*** Begin section ***

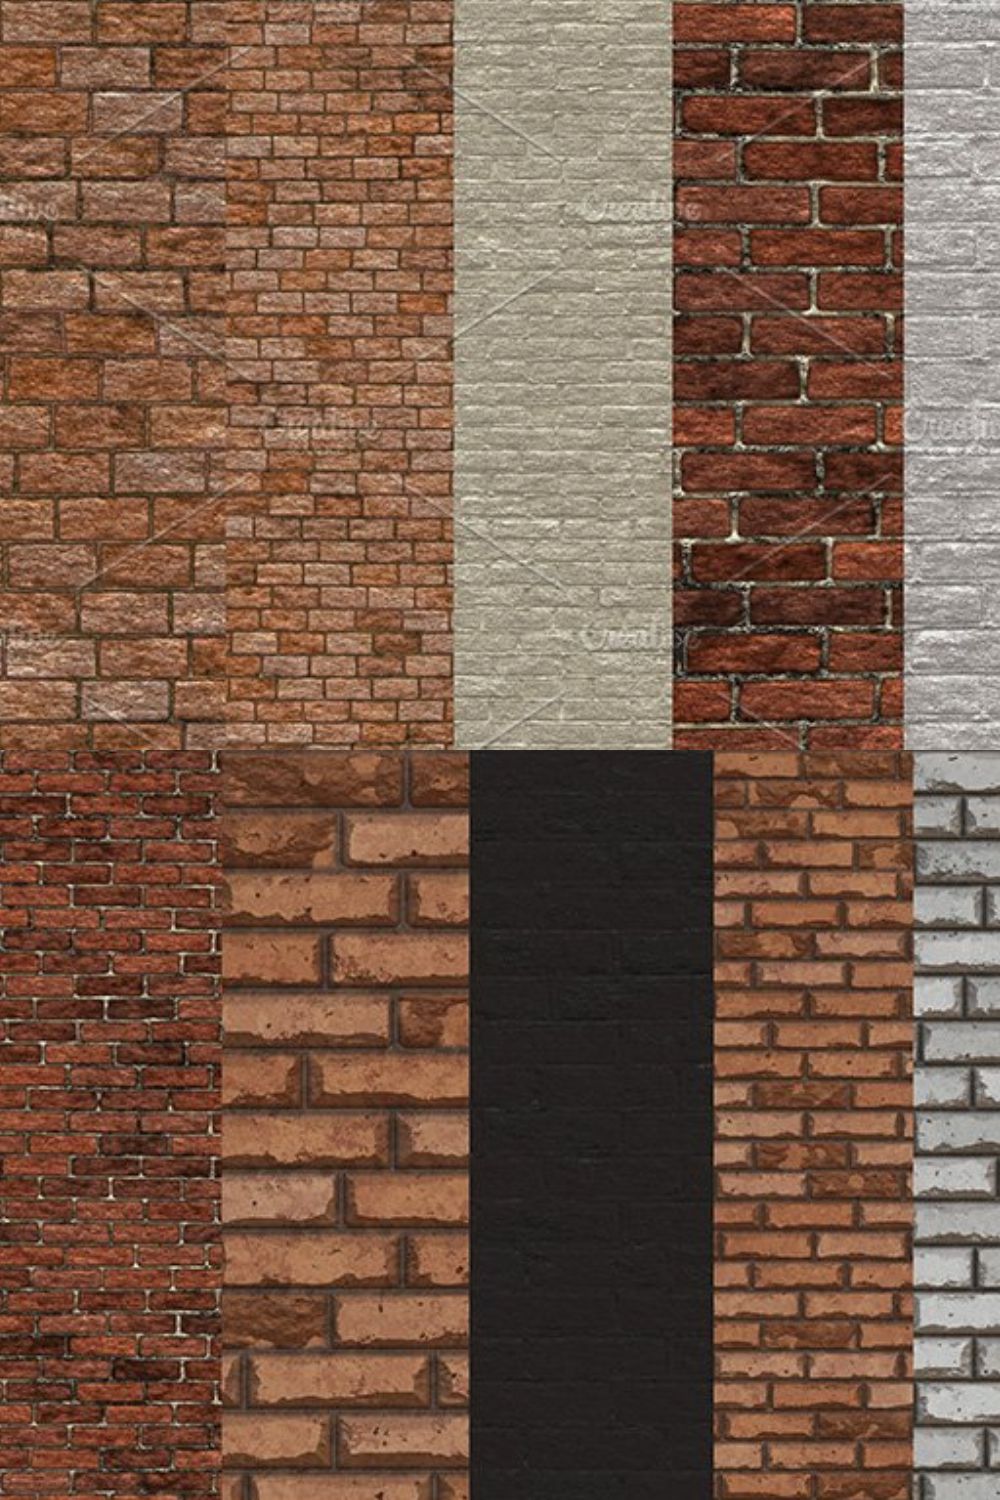 Brick wall textures pinterest preview image.
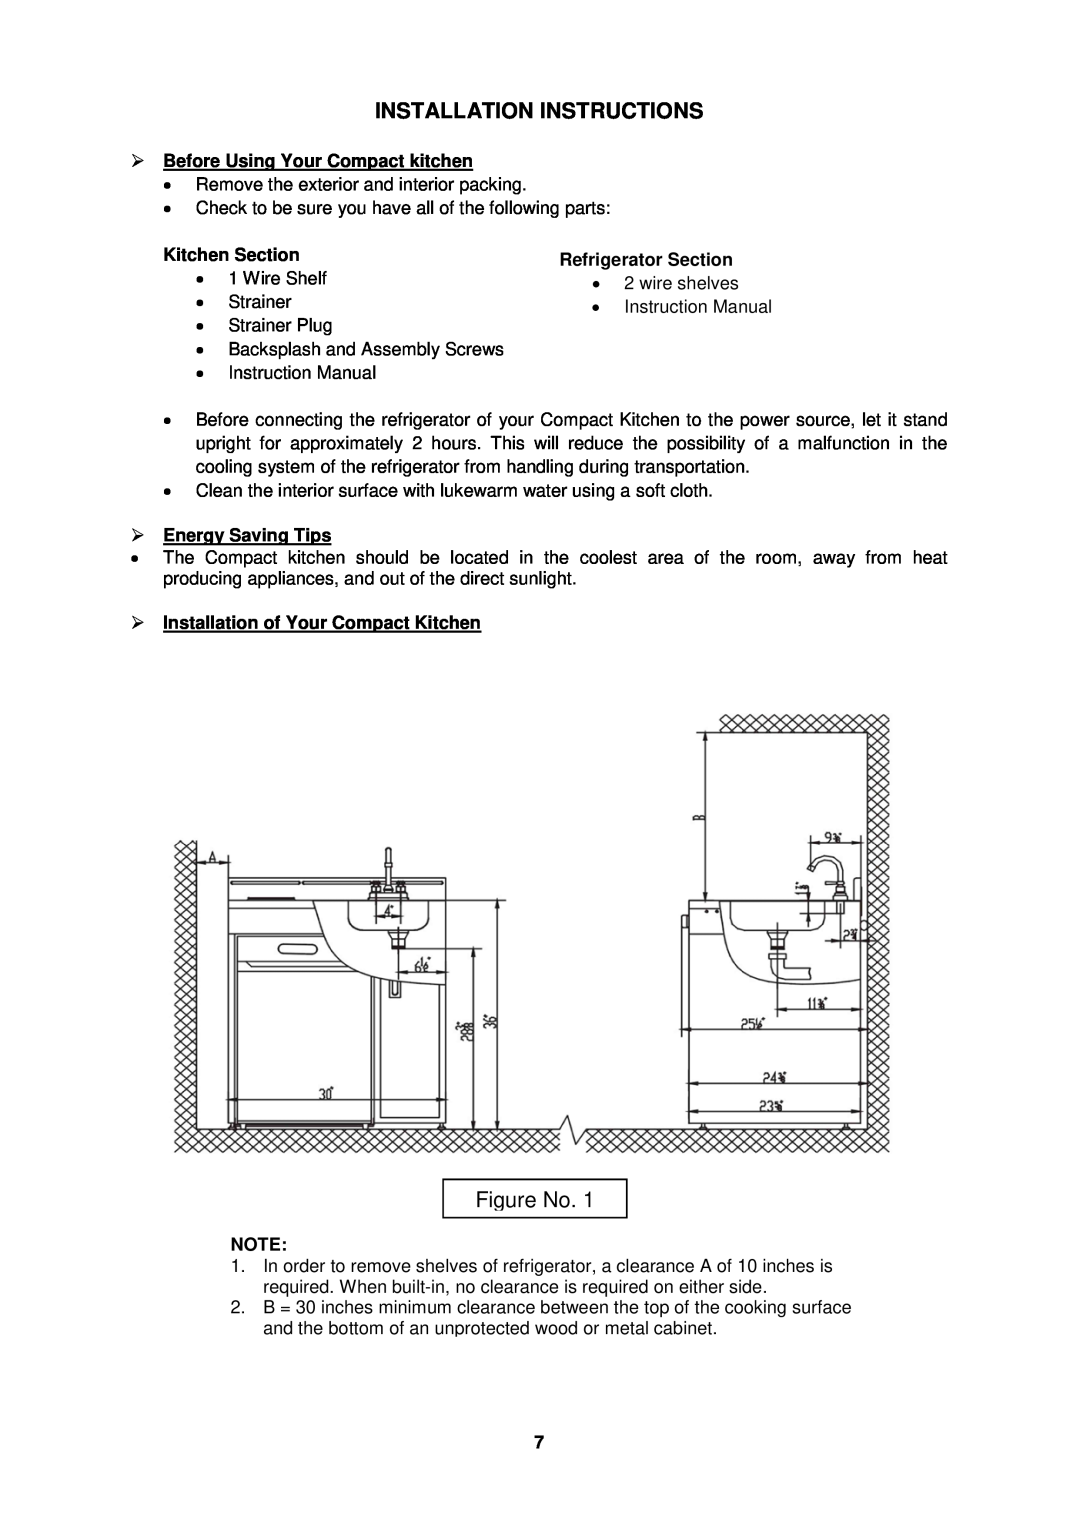 Avanti CK3016 instruction manual Installation Instructions, Figure No, Before Using Your Compact kitchen, Kitchen Section 
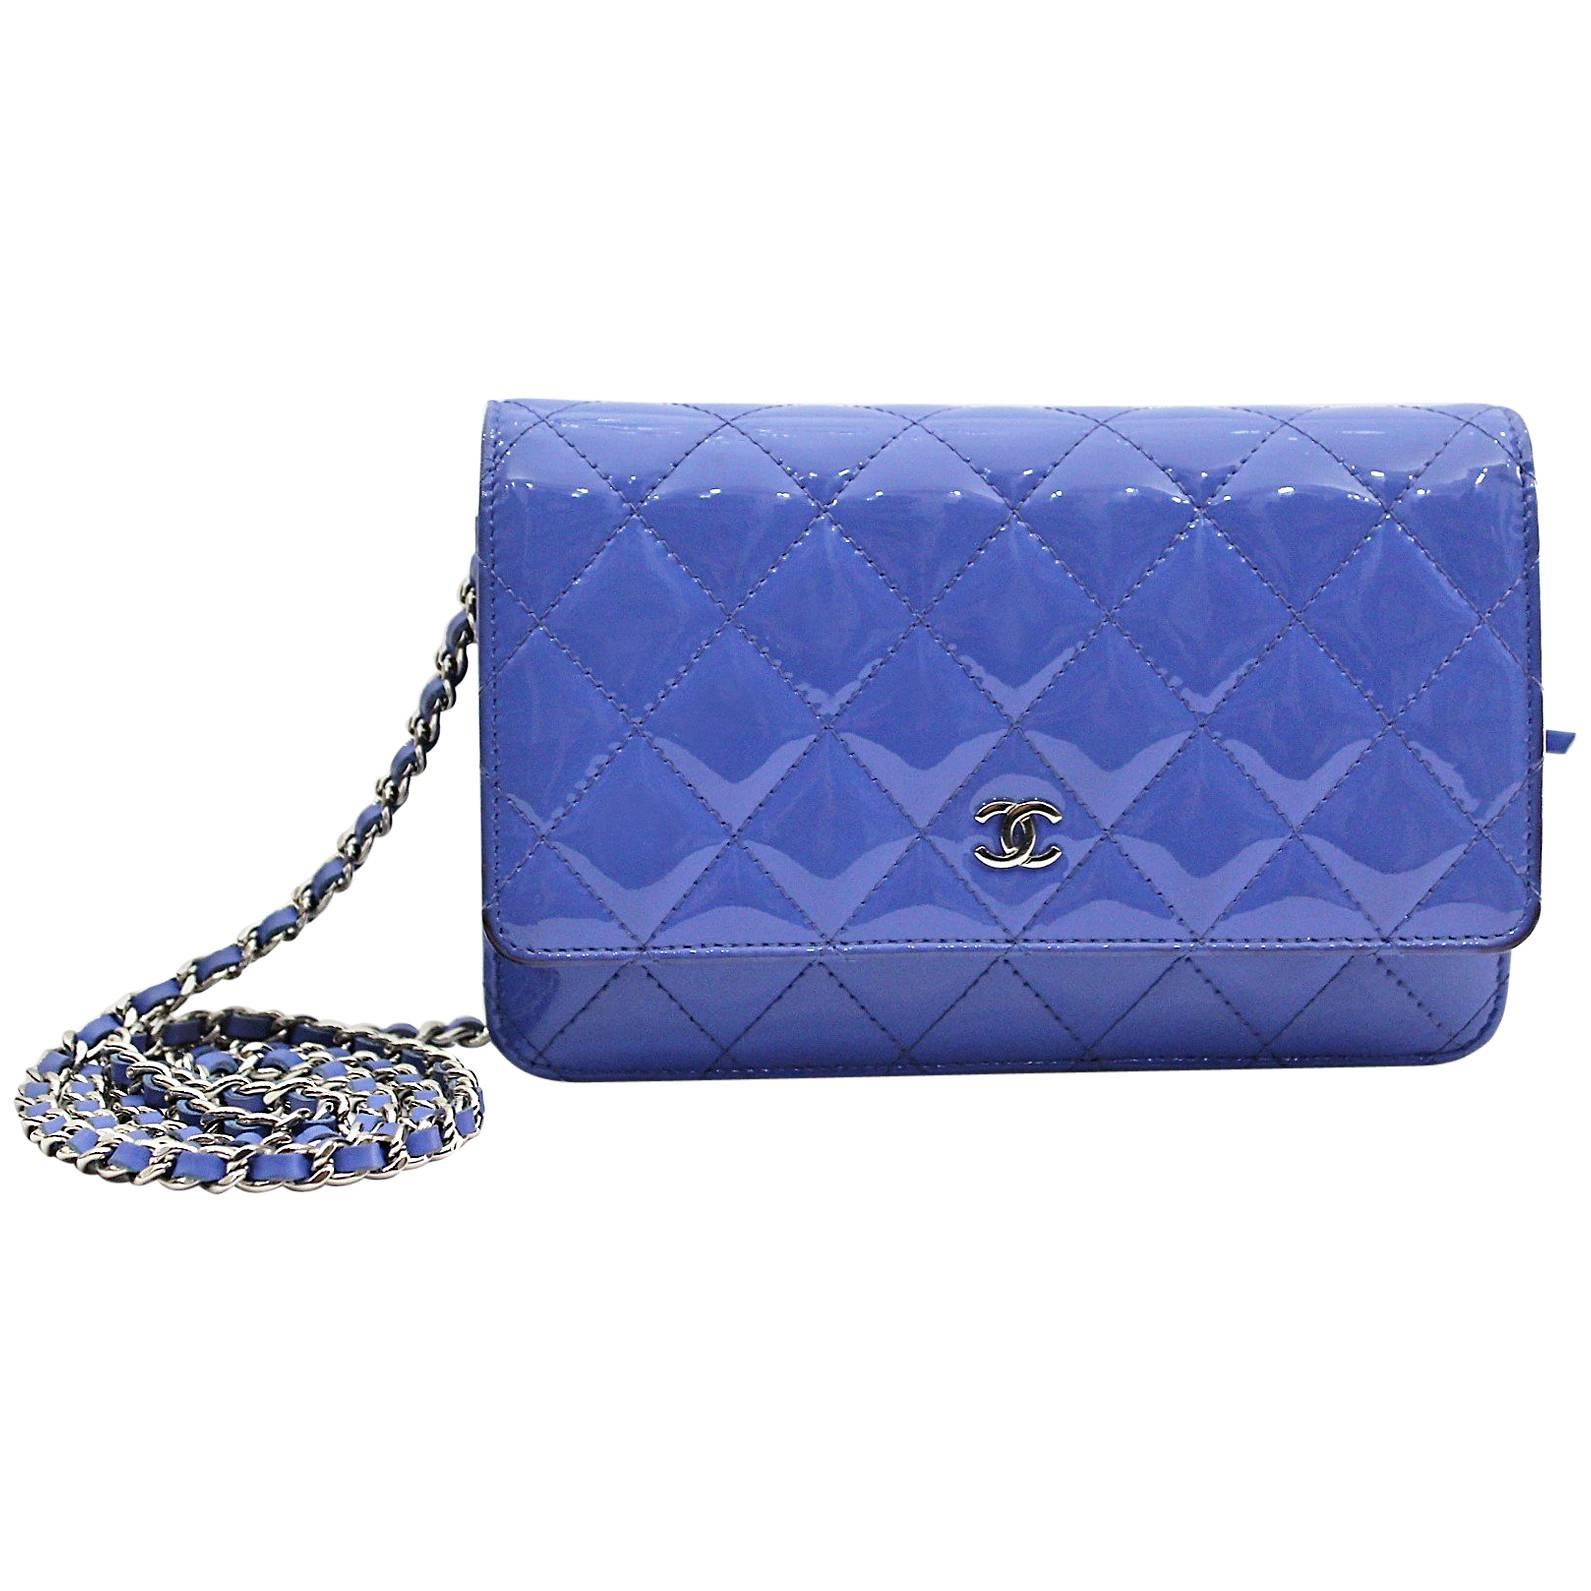 Chanel Lilac Quilted Patent Leather Wallet on Chain Clutch Bag
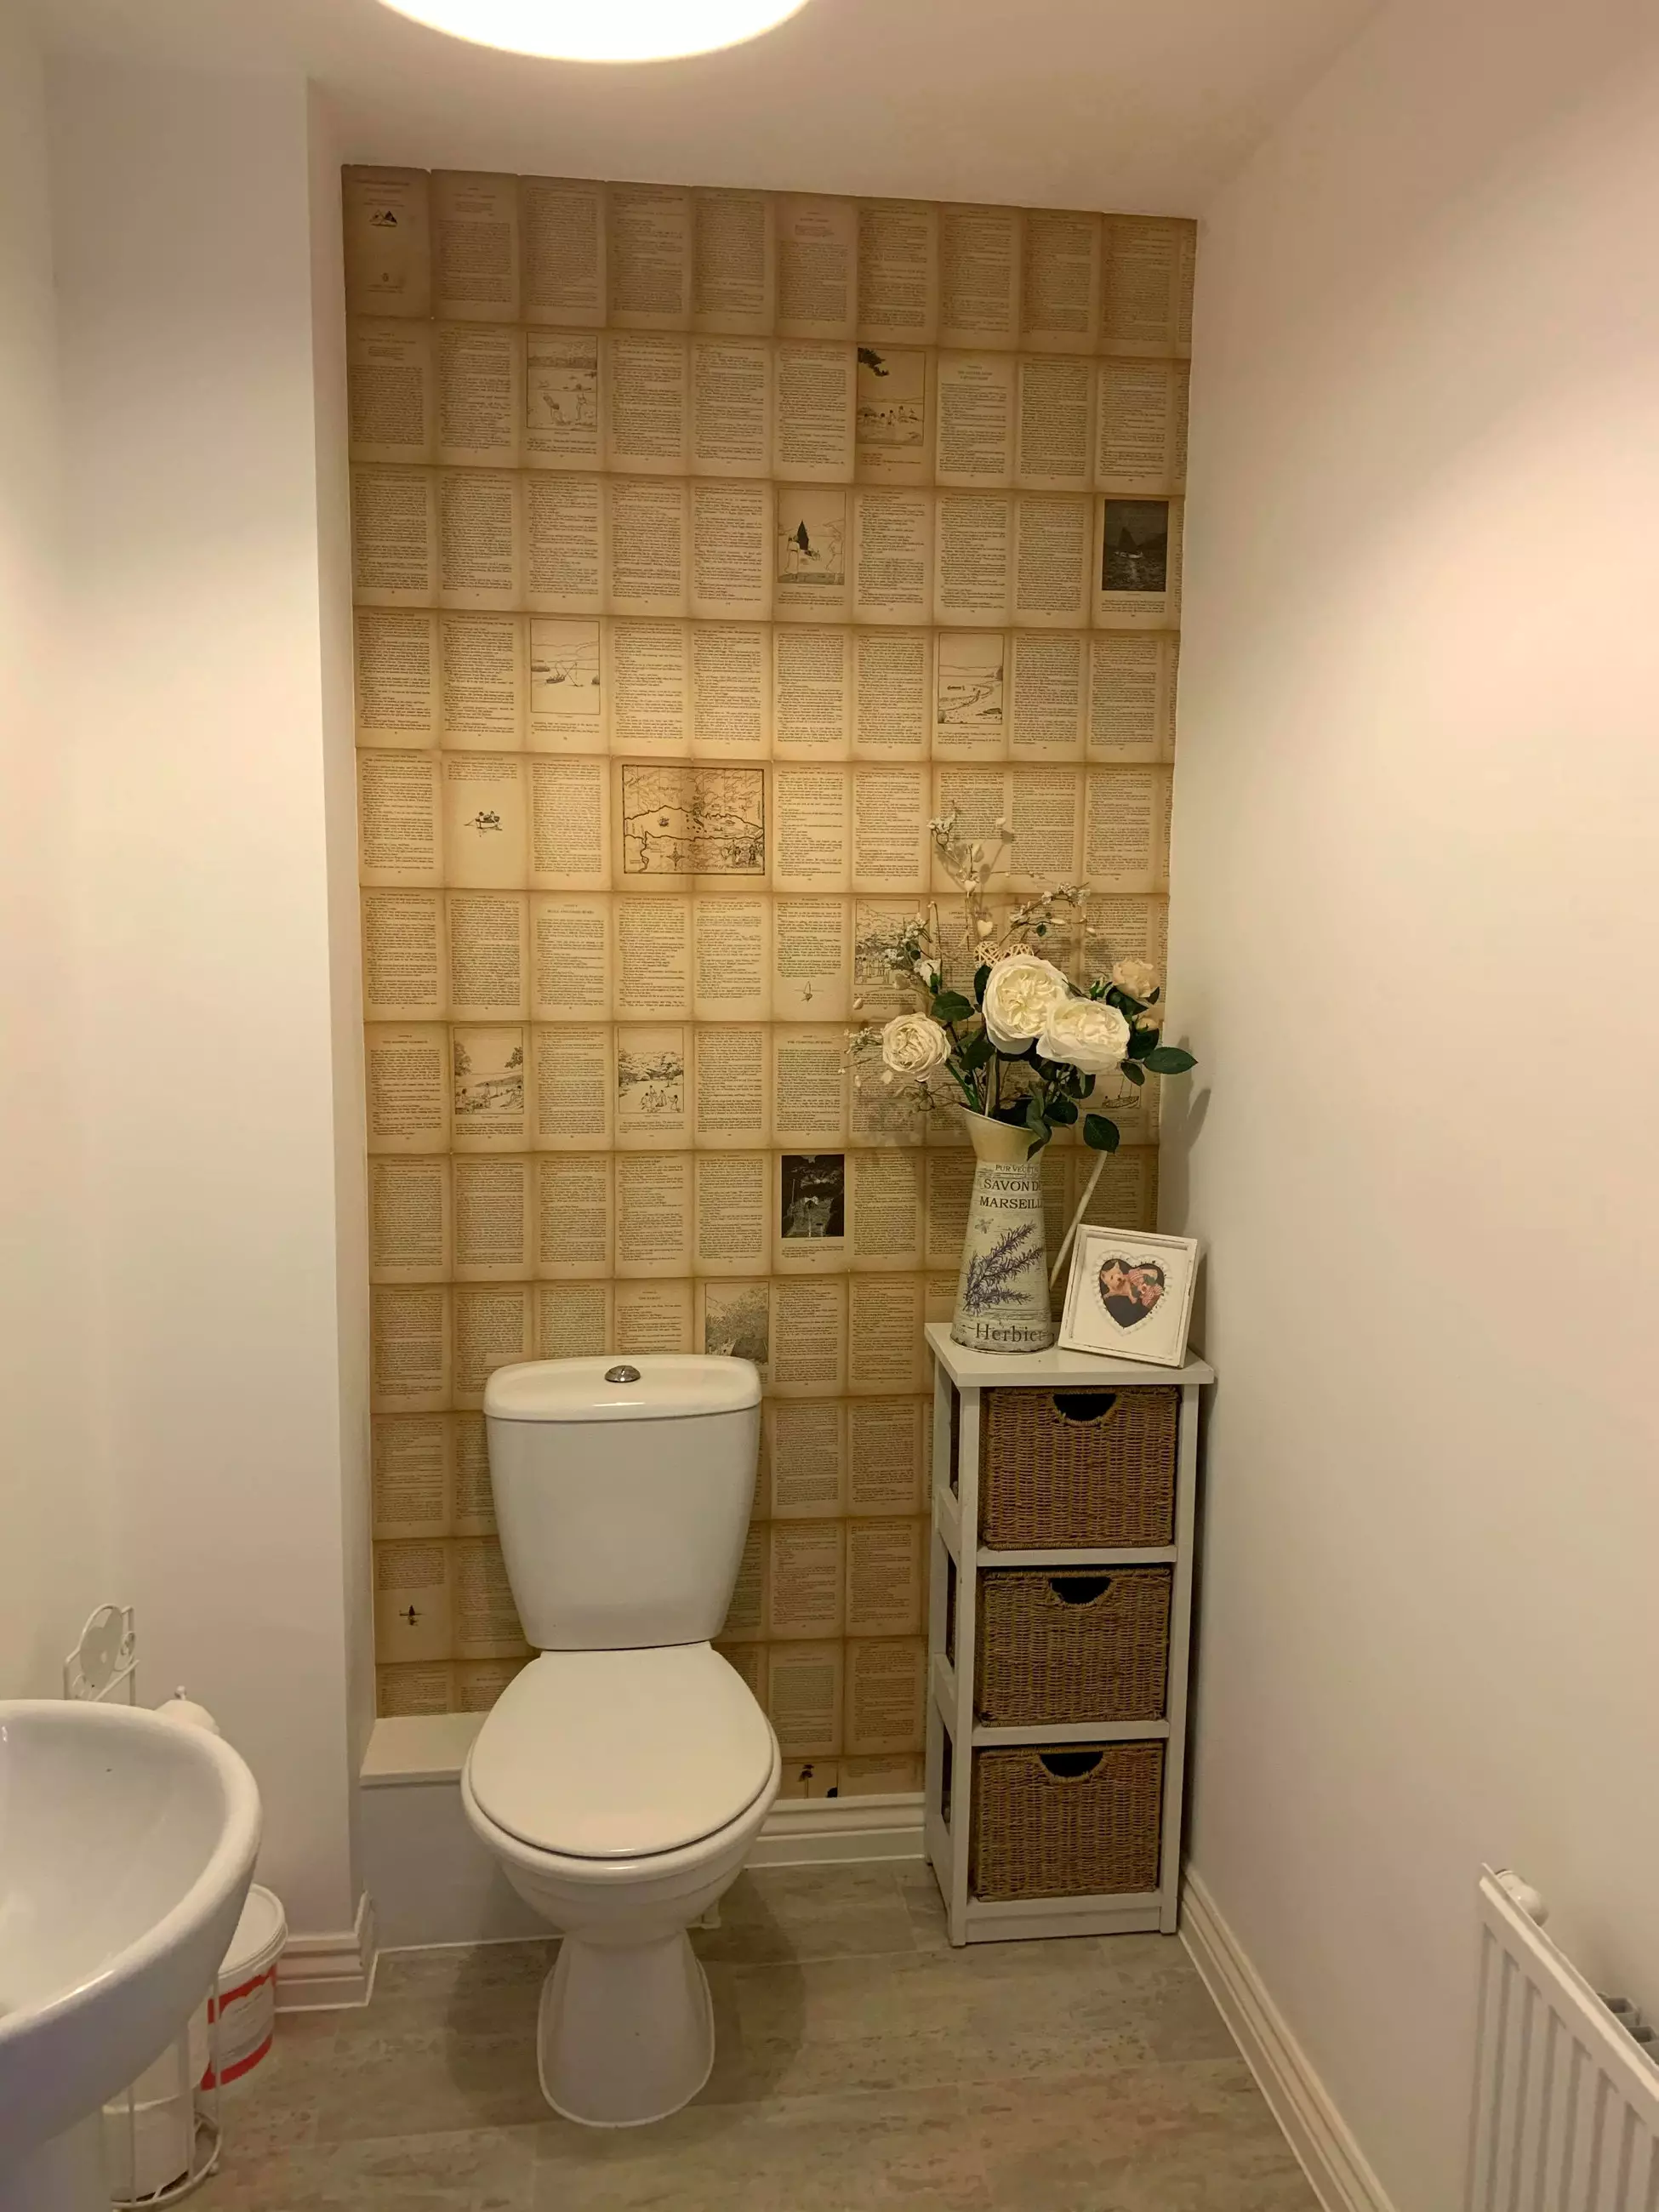 The book 'Swallows and Amazons' can be seen on the downstairs bathroom walls (

*** End section ***

**Exercise objective**: Each word of the data should be repeated exactly, and the pictures left out.

**Solution**:
 Brick wall textures pinterest preview image.
 Avanti CK3016 instruction manual Installation Instructions, Figure No, Before Using Your Compact kitchen, Kitchen Section 
 Chanel Lilac Quilted Patent Leather Wallet on Chain Clutch Bag
 The book 'Swallows and Amazons' can be seen on the downstairs bathroom walls (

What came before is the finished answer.